Description of the change

This branch makes significant changes to how we calculate the structural subscribers for a given notification. The previous set-based approach was elegant and may have had similar or even slightly better performance characteristics in some simple cases; however it created gigantic SQL queries and performed poorly when there were a few bugtasks for a bug, and filters for every subscription.

This branch takes a more classic approach to building a SQL query. In tests, this brought a query that was taking 1.2-1.4 seconds to taking 300 milliseconds or less.

It also significantly reduced the SQL needed. SQL is 2/3 size in the simplest case with a single bugtask and no tags; 1/2 size in a more complex case with a single bugtask with tags. Once you have two tasks and on a bug with tags, the new approach's SQL is 1/3 the size, and as you add bugtasks, the ratio gets smaller and smaller.

It's worth noting that Storm support for the WITH statement would really help things. Then I would do one WITH table for the first query, and in the case of the UNION for the tags, I might do another WITH query for the shared bits. As it is, I'm trying to compromise between the cost of duplicating work in the database and the cost of making a separate Storm query. The WITH statement support would also shorten the size of the SQL. I'll be tempted to try and add that to Storm later, now that Postgres supports it.

I ended up having to use some somewhat esoteric SQL. In addition to having a pre-implementation call with Danilo about this, I also ran it past him after I was finished. He seemed pleased with explanations I gave verbally. I have copiously commented the core function, so I hope that you will be able to follow along there as well.

This is a big branch--noticeably bigger than our 800 line goal. "make lint" forced some of the size on me--it's happy, but at a cost. However, even before linting, I was still over the limit. I tried to keep it as small as possible, and have left out some clean-ups that need to happen.

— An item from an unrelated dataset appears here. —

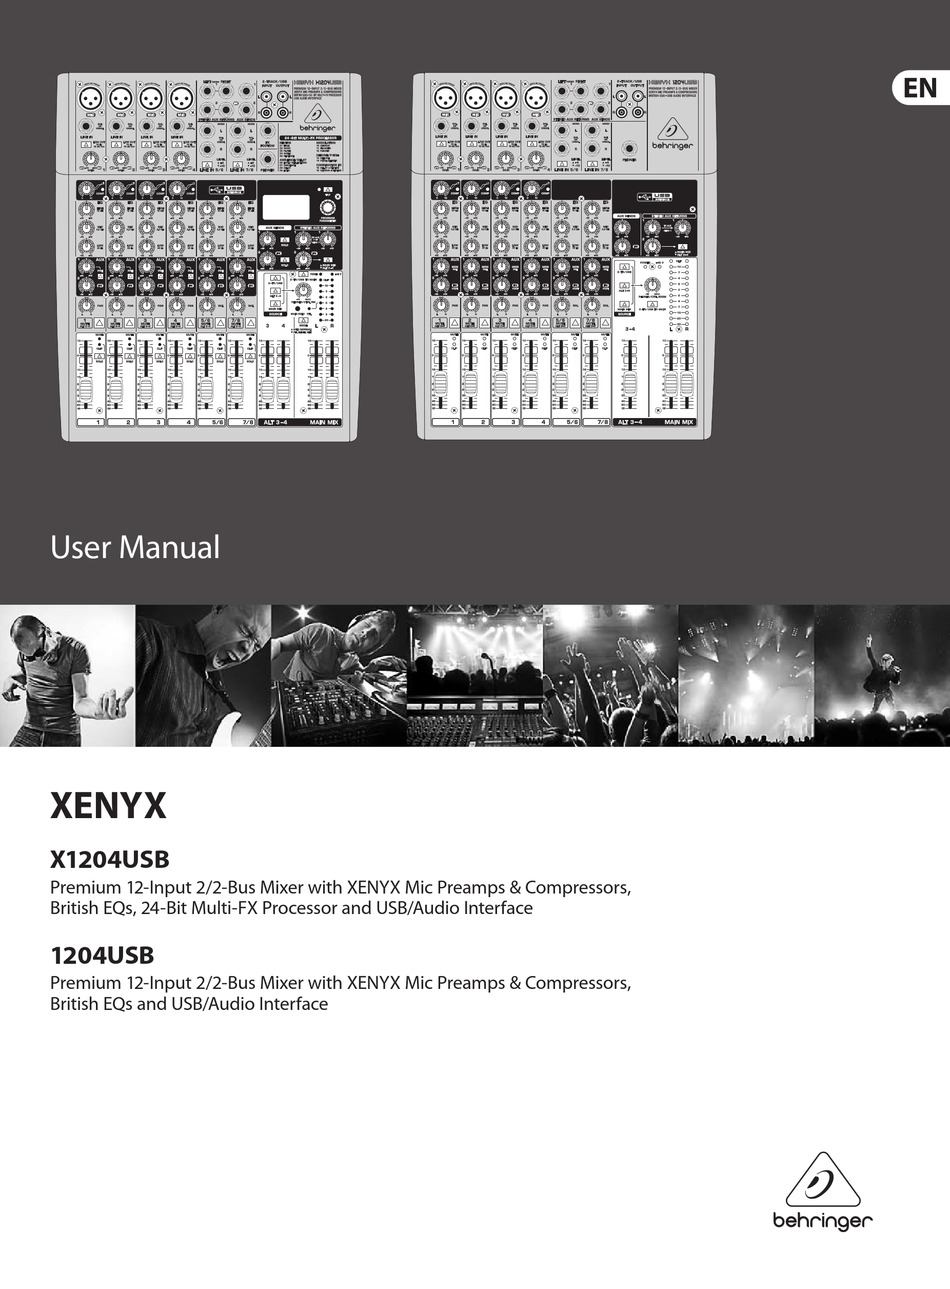 xenyx x1204usb send mic to pc

In particular, I tried to make minimal changes to the tests, so some methods that no longer serve any purpose in the codebase are left because they are exercised by valuable tests. I will follow up with one or more later branches that clean these things up and move tests around appropriately.

Danilo and I agreed that we might want to remove the features of "include_any_tags" (the filter only accepts any bug that has one or more tag) and "exclude_any_tags" (the filter only accepts bugs that have no tags); and we felt that it might be worth reconsidering how the excluded tags work. However, I kept those out of this branch, as out of scope.

That said, I did make one semantic change to an edge case. Before, NOT find_all_tags meant (in part) that excluded tags (==NOT include) must *all* match. I thought that was opposite what I would expect (and in fact initially implemented the other approach without realizing I was contradicting the tests). After my changes, NOT find_all_tags means that *any* excluded tag must match. For example, if a bug has the tags "foo" and "bar", a filter with find_all_tags = False and "-foo" (NOT include "foo") will now match because "bar" is not "foo". (If find_all_tags = True, the filter will not match. If find_all_tags = False and the filters tags are "-foo" and "-bar", it will not match). Again, I might like to reconsider the broader approach to this feature in the future, but this is not the branch, or the time for that.

I won't say more here, in the hopes that the comments will guide you.

Thank you for looking at this over-sized branch.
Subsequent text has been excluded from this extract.